__Given entries__.
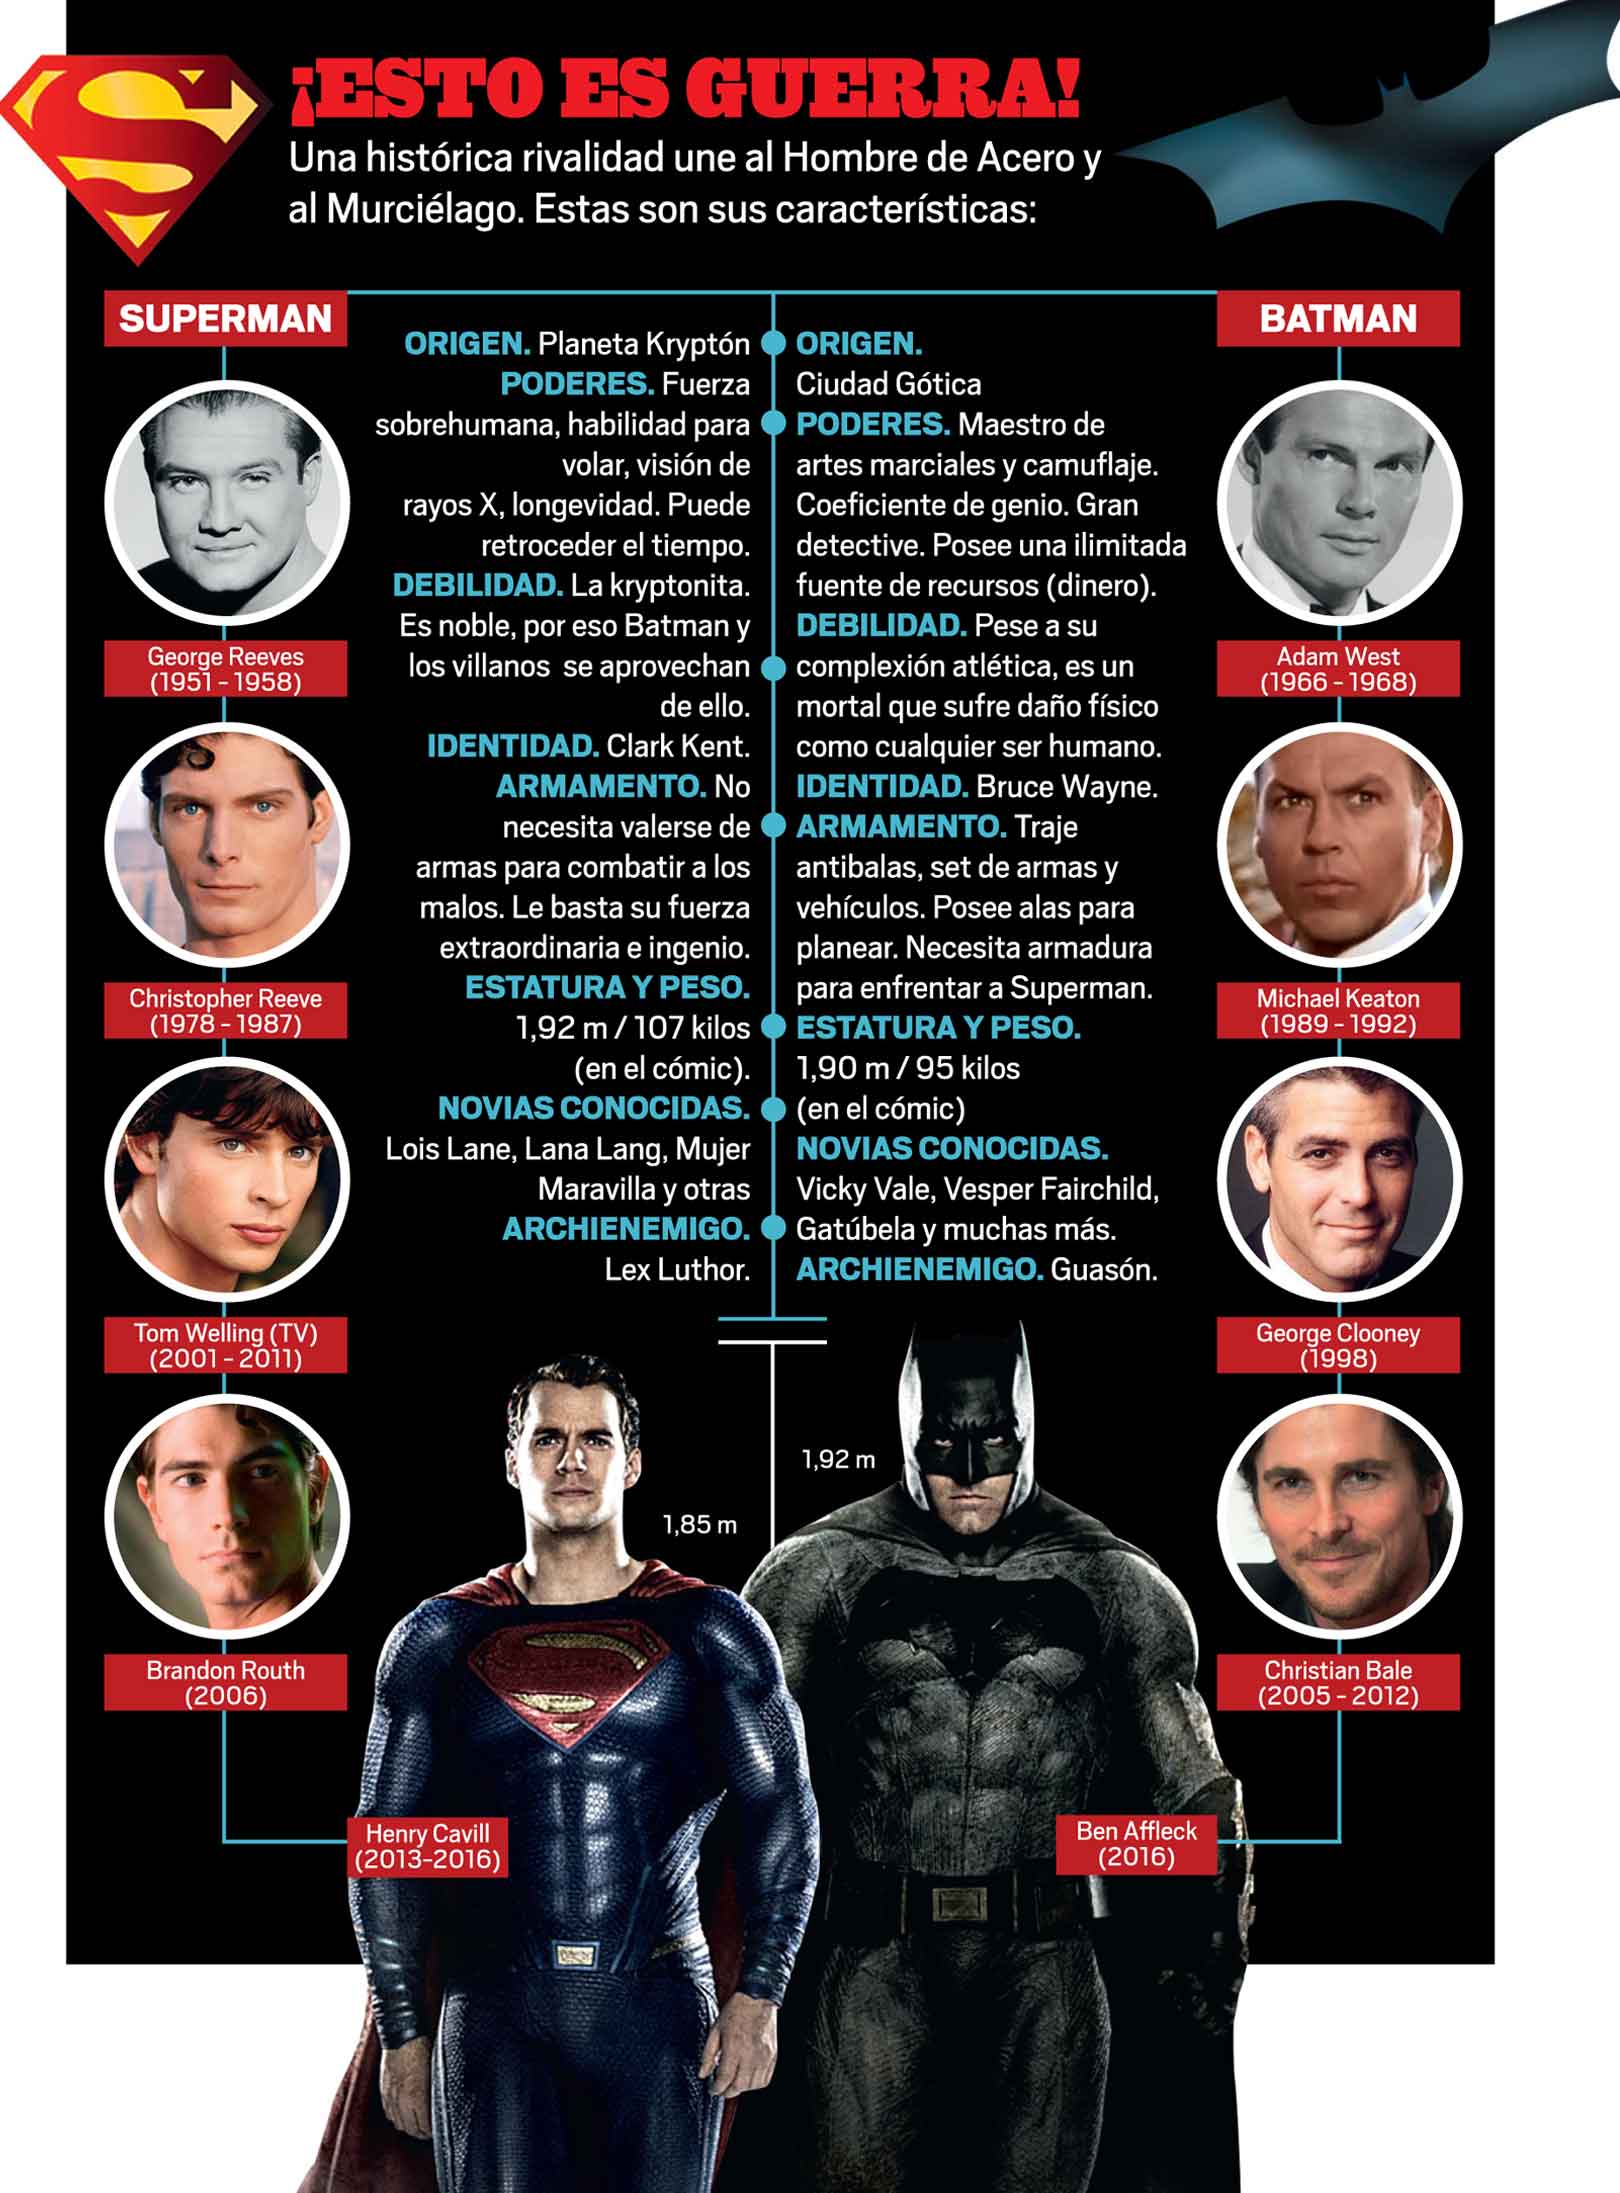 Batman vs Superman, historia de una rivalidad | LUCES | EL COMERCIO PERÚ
--
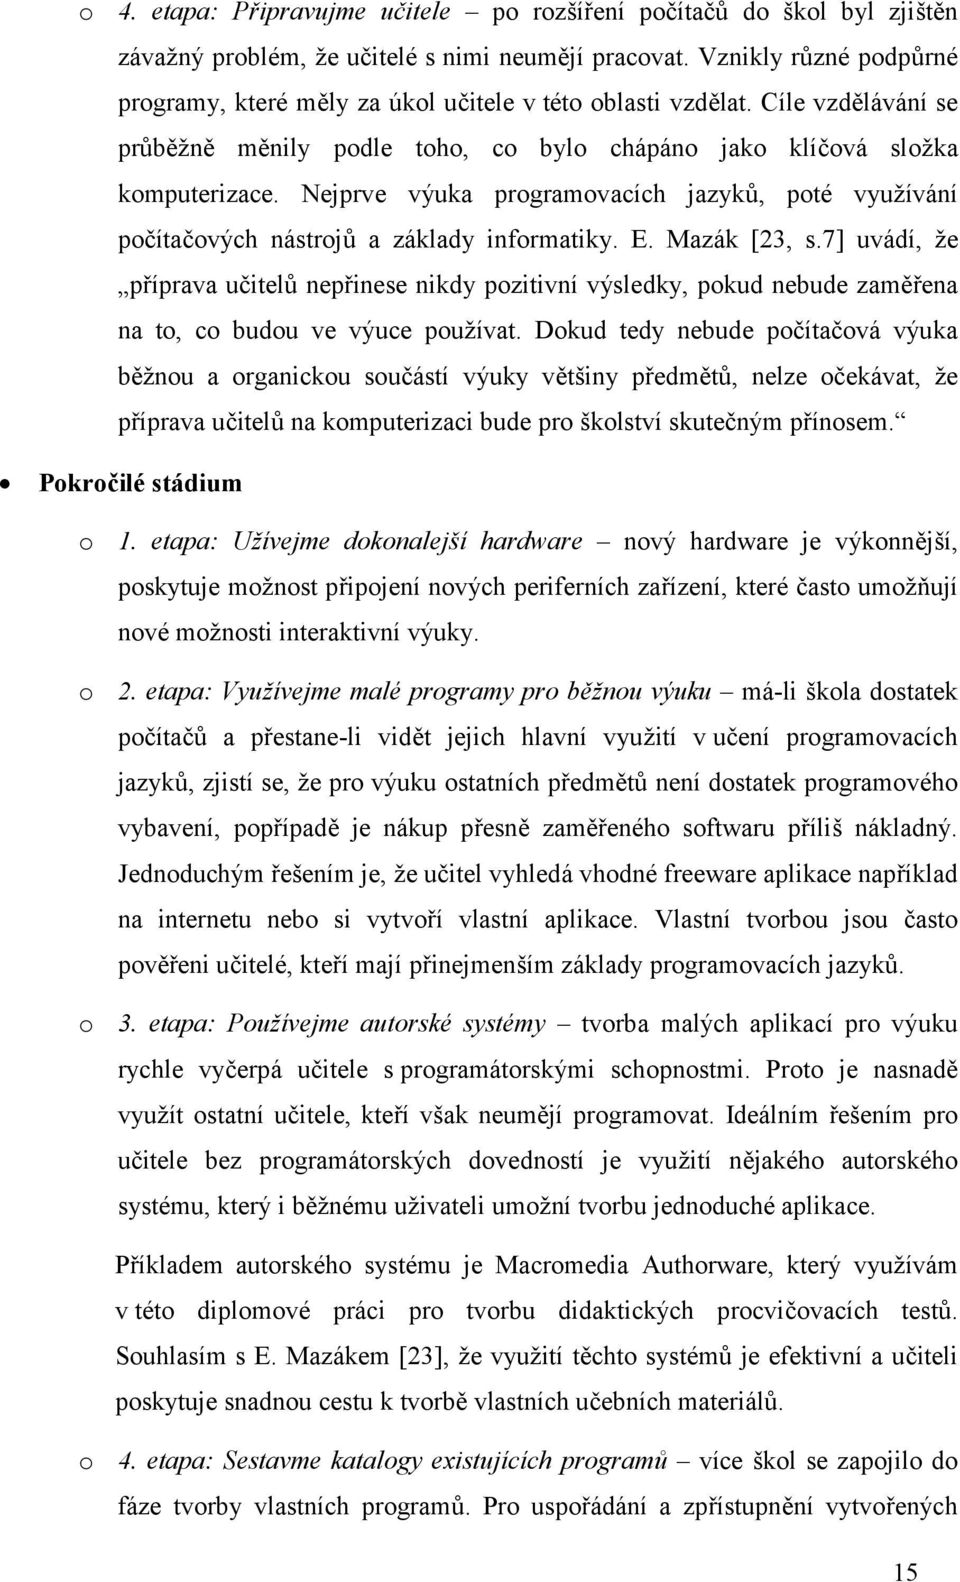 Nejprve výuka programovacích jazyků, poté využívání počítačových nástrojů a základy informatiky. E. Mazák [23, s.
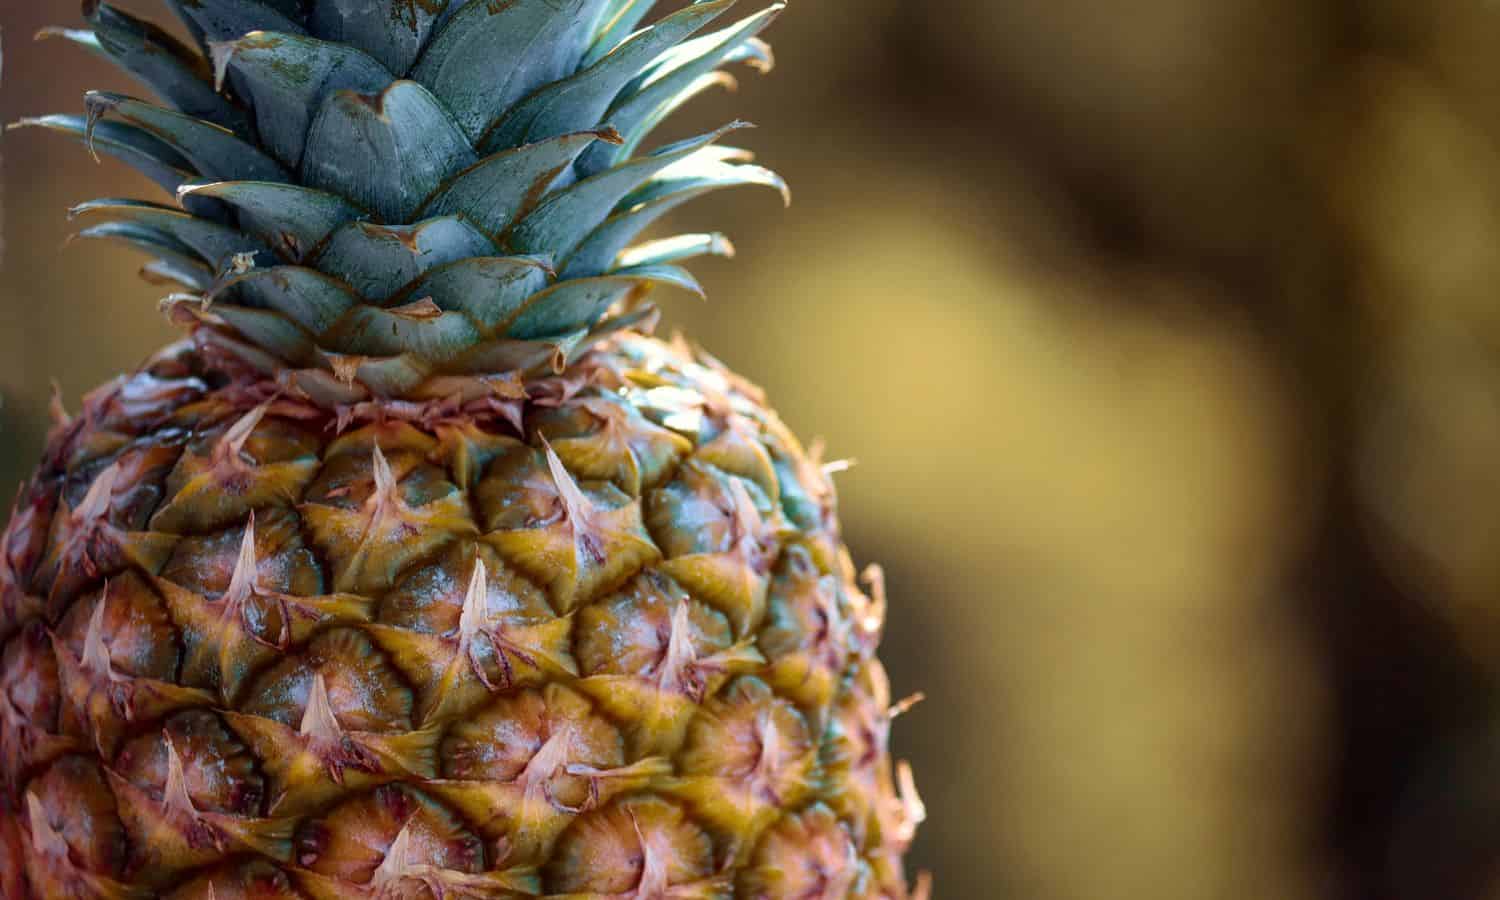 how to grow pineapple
==
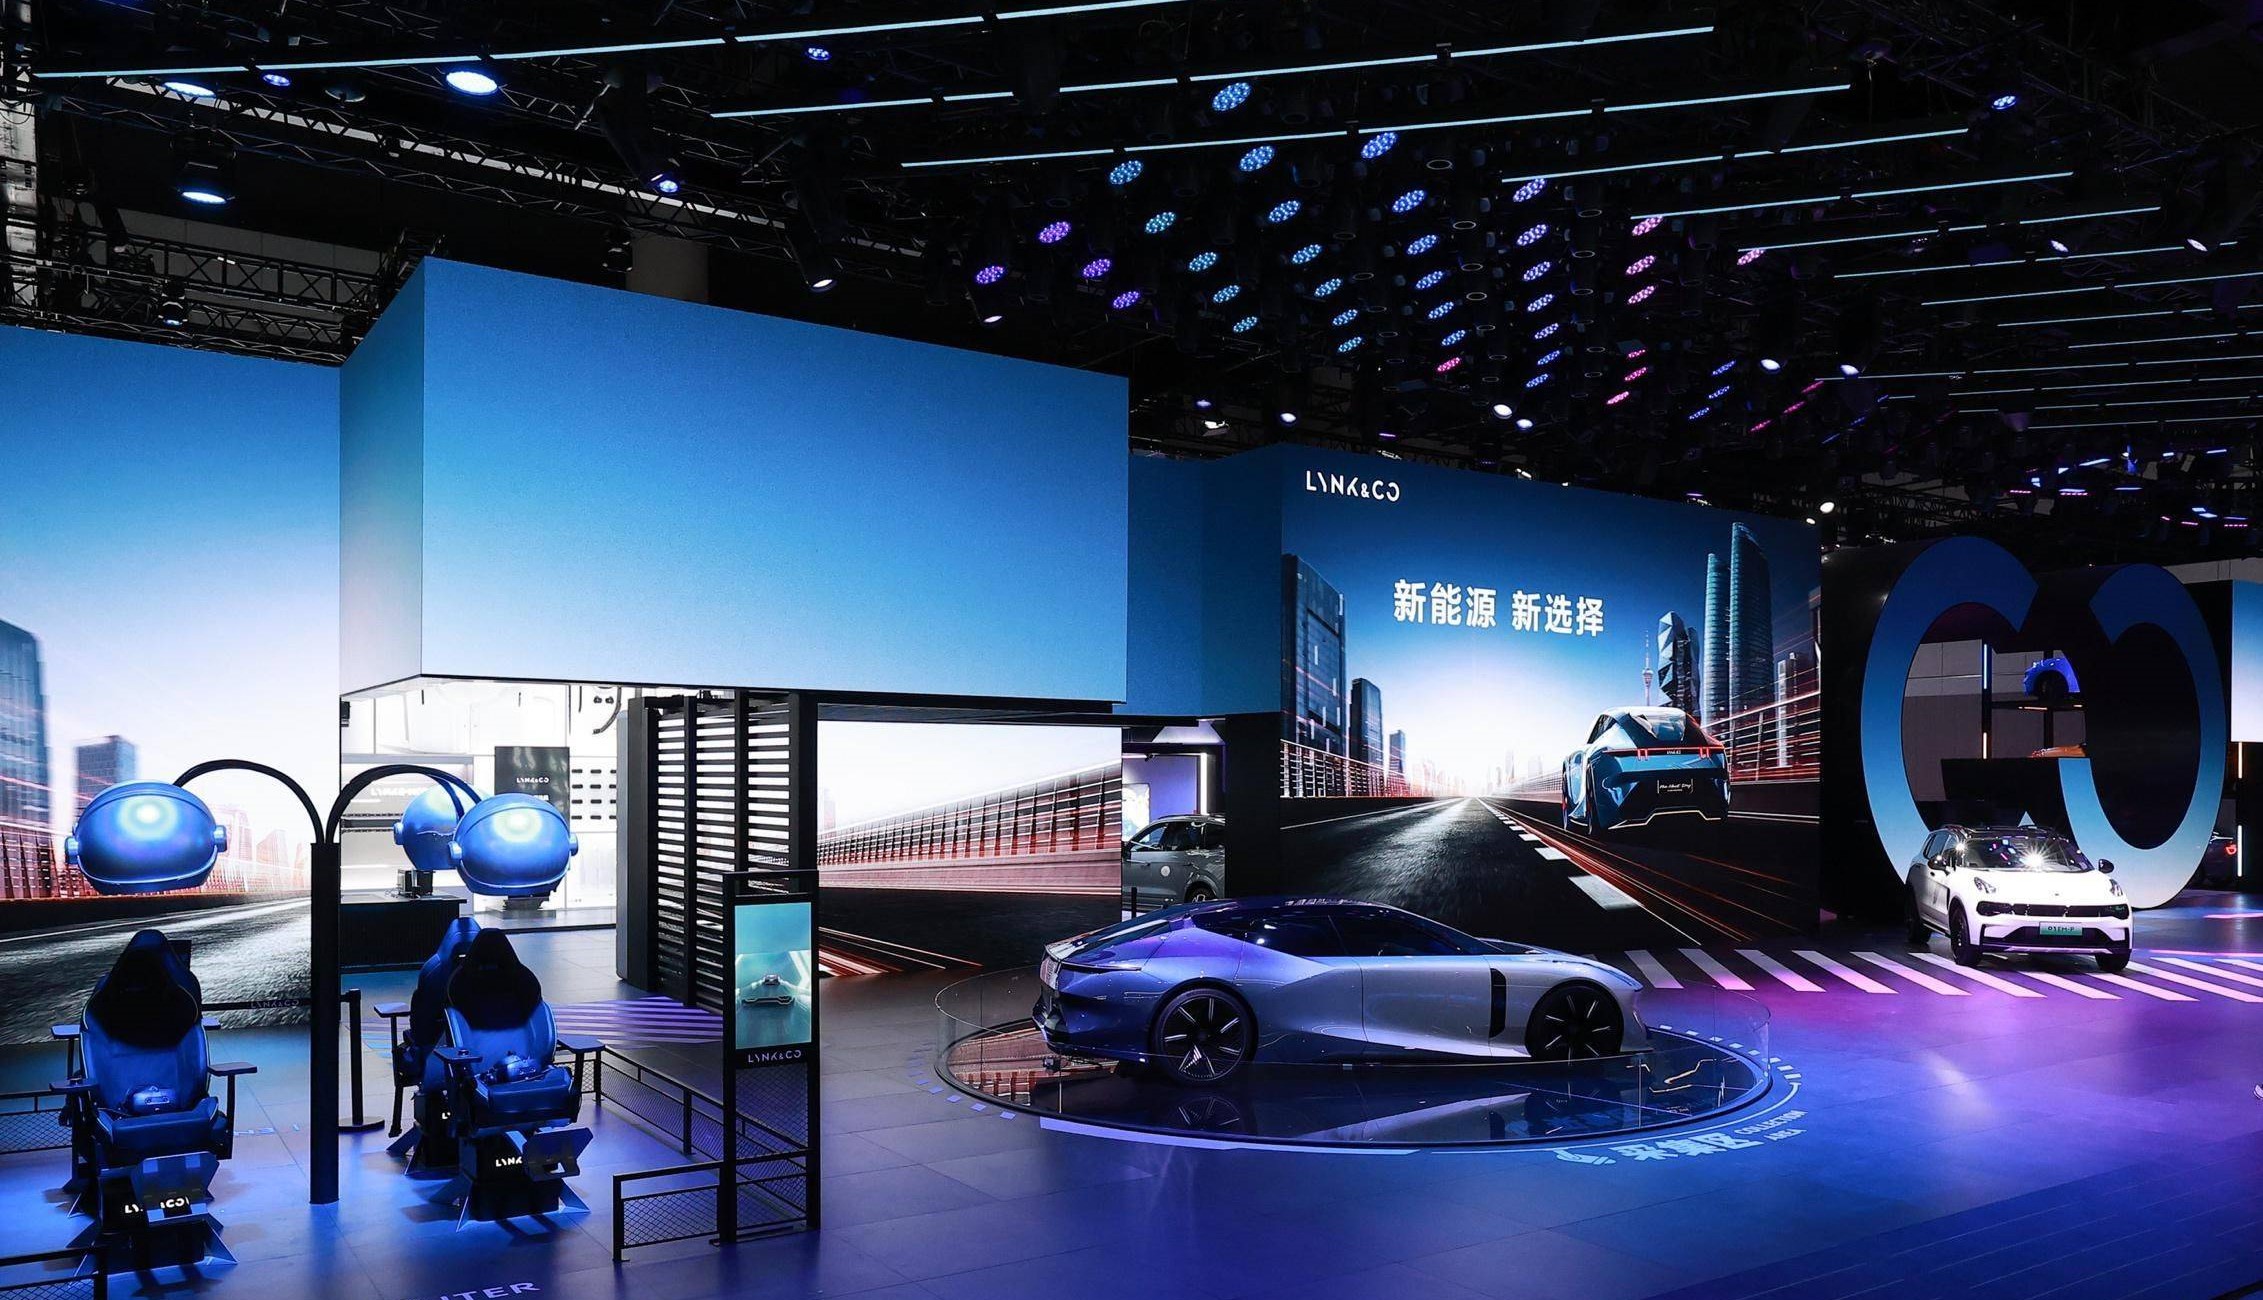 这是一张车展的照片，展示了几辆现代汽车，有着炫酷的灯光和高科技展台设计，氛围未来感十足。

__Your task__. From the records above, return exactly the lines running from the one that contains "Nejprve výuka programovacích" down to the one that contains "how to grow pineapple", both included, without any pictures.

__Solution to this problem__.
 Nejprve výuka programovacích jazyků, poté využívání počítačových nástrojů a základy informatiky. E. Mazák [23, s.
 how to grow pineapple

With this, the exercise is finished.